Newspapers have subscriptions (home delivery) and retail sales, as we do. But newspapers' circulation numbers do not seem to reflect any particularly successful editorial response to their declining circulations. Perhaps it is because they believe that they are more directly competitive with the electronic media than are magazines. Or perhaps daily circulation provides too many conflicting responses to allow editors to determine meaningful adjustments. Or it may be that the consolidation of newspapers into larger markets is part of the answer.

Magazines, then, are fortunate to have the channels of distribution they do. The harsh realities of our marketplace responses (return ratios and renewal figures) are not pleasant for editors or publishers, and they do not make circulators either happy or popular. But they are our reality check. They give us fair warning when returns are high and renewal rates are either low or indicate that lower pricing is needed in order to bring response rates up.
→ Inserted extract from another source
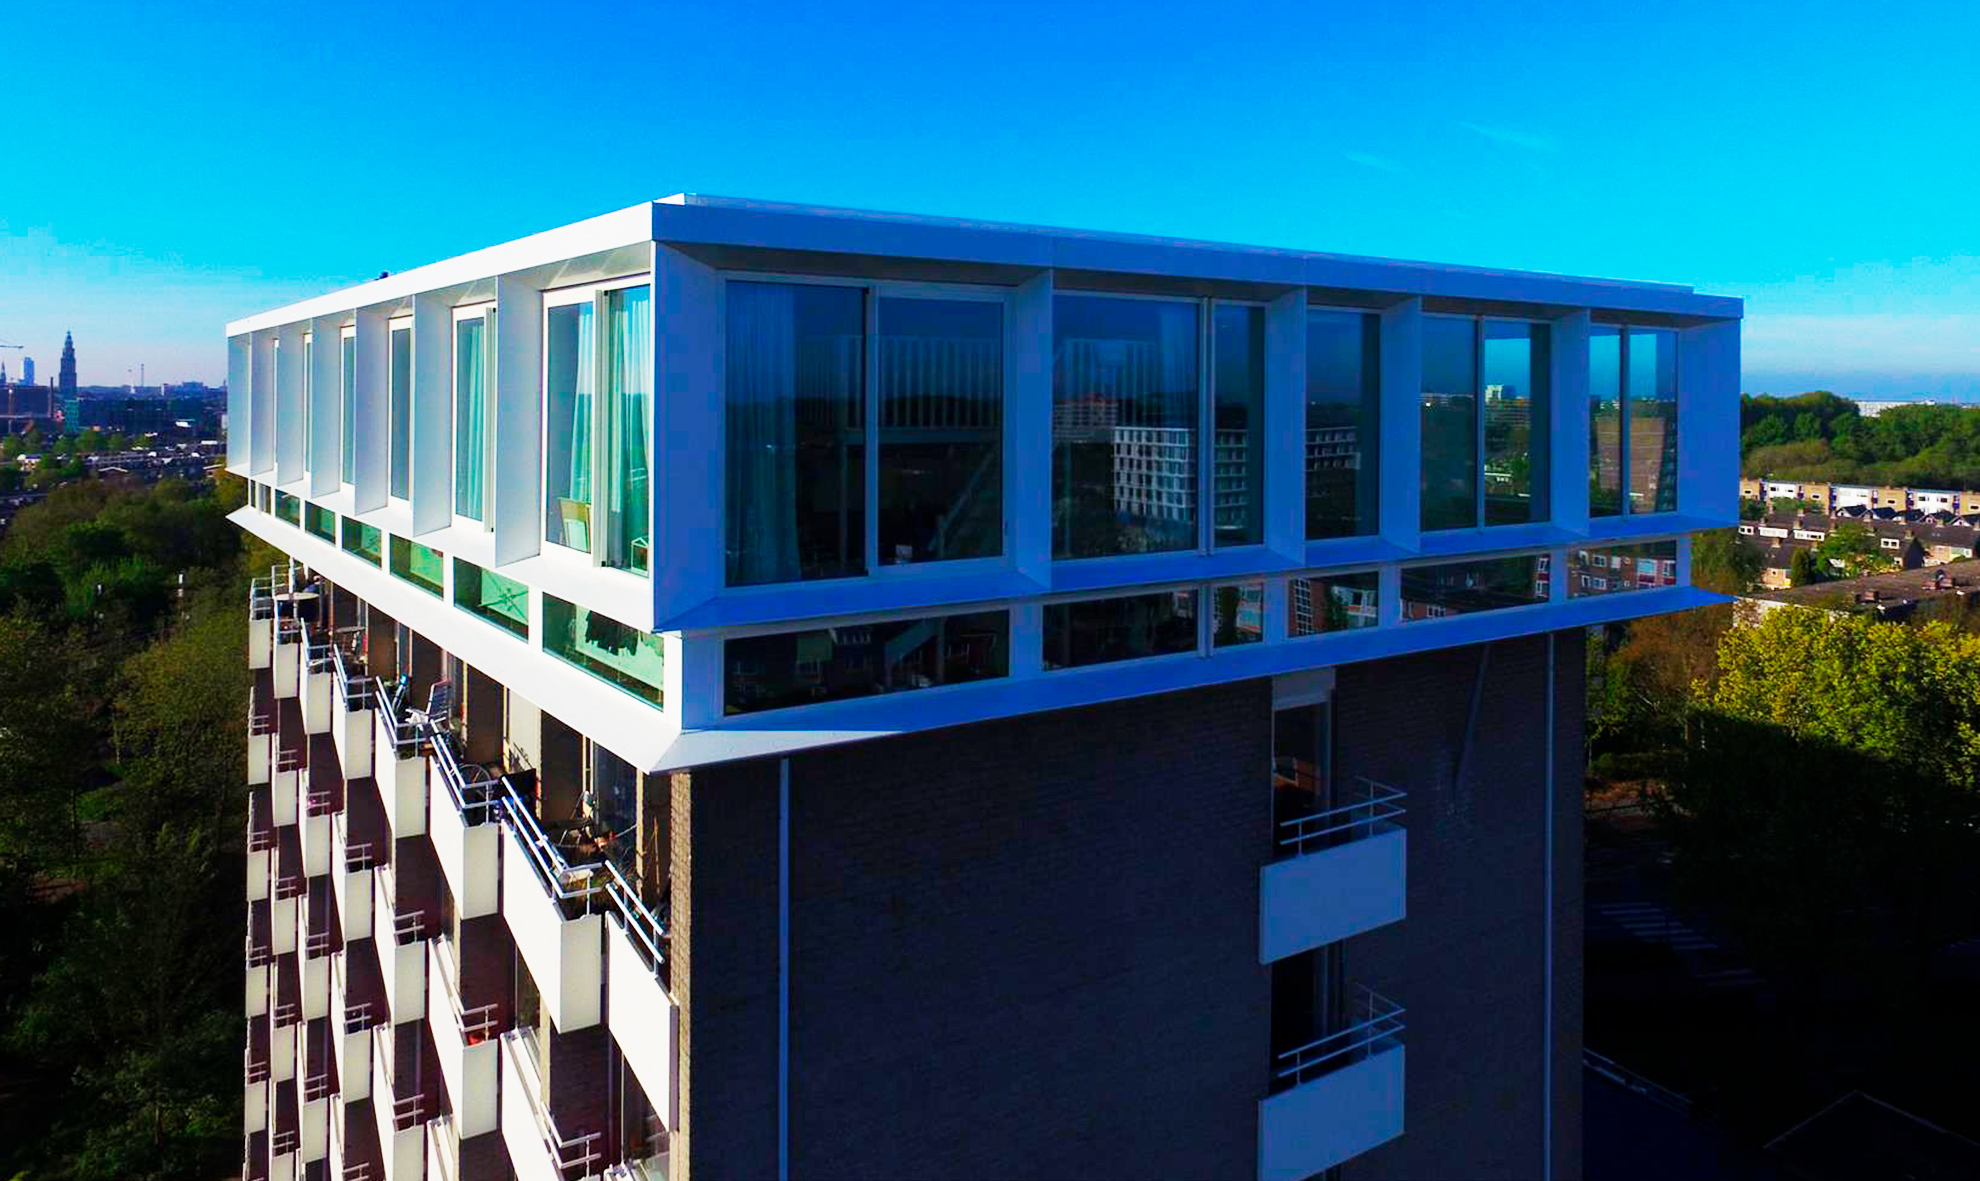 Edificio-Utopia.-Groningen-Holanda.-larson-4-mm-FR-Pure-White-6_1591026717.jpg
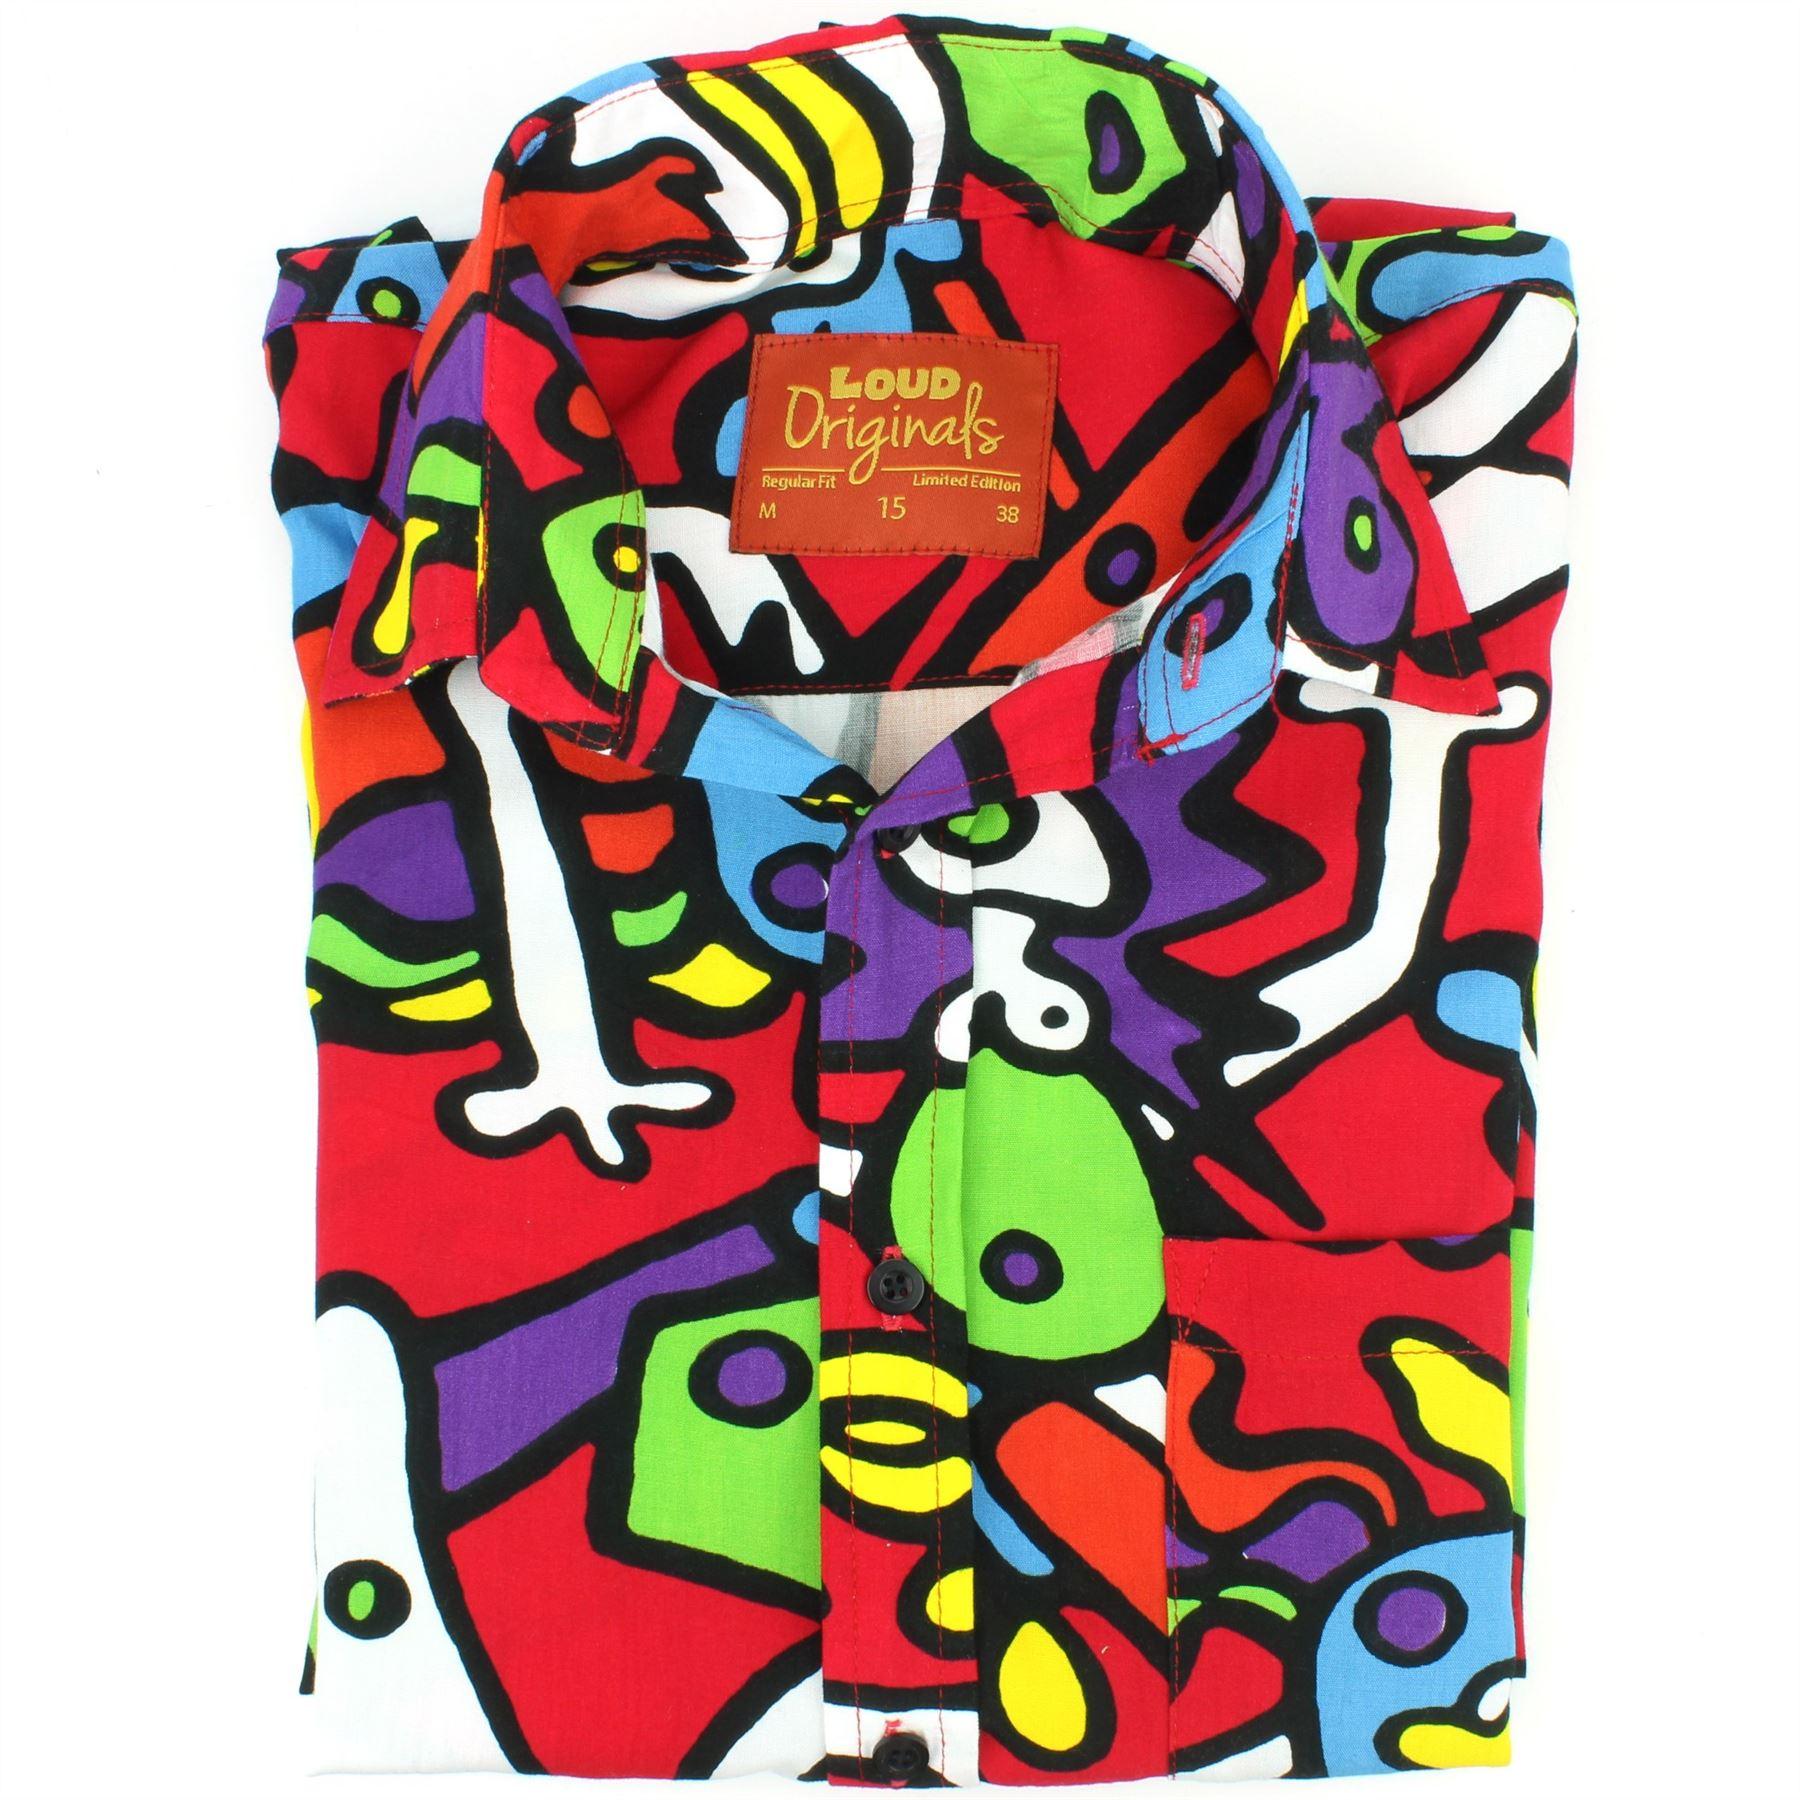 Mens-Shirt-Loud-Originals-Rayon-REGULAR-FIT-Long-Sleeve-TIFFY-PRINT-Retro-Dance thumbnail 16

And they tell us we are in tune with the market when return rates are low and renewal rates are high without price reductions or the need for increasingly expensive incentives.

Editors and publishers are, naturally, less than appreciative of circulation efforts when reports are not as they had expected. Yet it is these forms of editorial feedback that stimulate creativity, inform us of reader interests, wants and needs, and drive our continuing quest for excellence.

Free of influence

Our editorial credibility, founded in the First Amendment and protected and sustained by our collective, vigorous defense in courts both large and small, is the greatest threshold that electronic media must cross. Government involvement in and assistance to electronic media has been pervasive. From radio and television station licensing to government-sponsored cable franchising, from telephone regulated monopolies to electronic superhighway suggestions from our vice president, government involvement has tainted the credibility of the electronic media. Our readers, I believe, know this intuitively.

So we can watch the rise to prominence of the latest electronic competitor with interest--indeed, with fascination. It is surely a new wave of change, but until it is as free as we are, and until it is more harshly tested in the marketplace of editorial feedback, magazine publishers can continue to do what they do better than any other form of communication: Provide their readers with the most credible ideas, information and entertainment.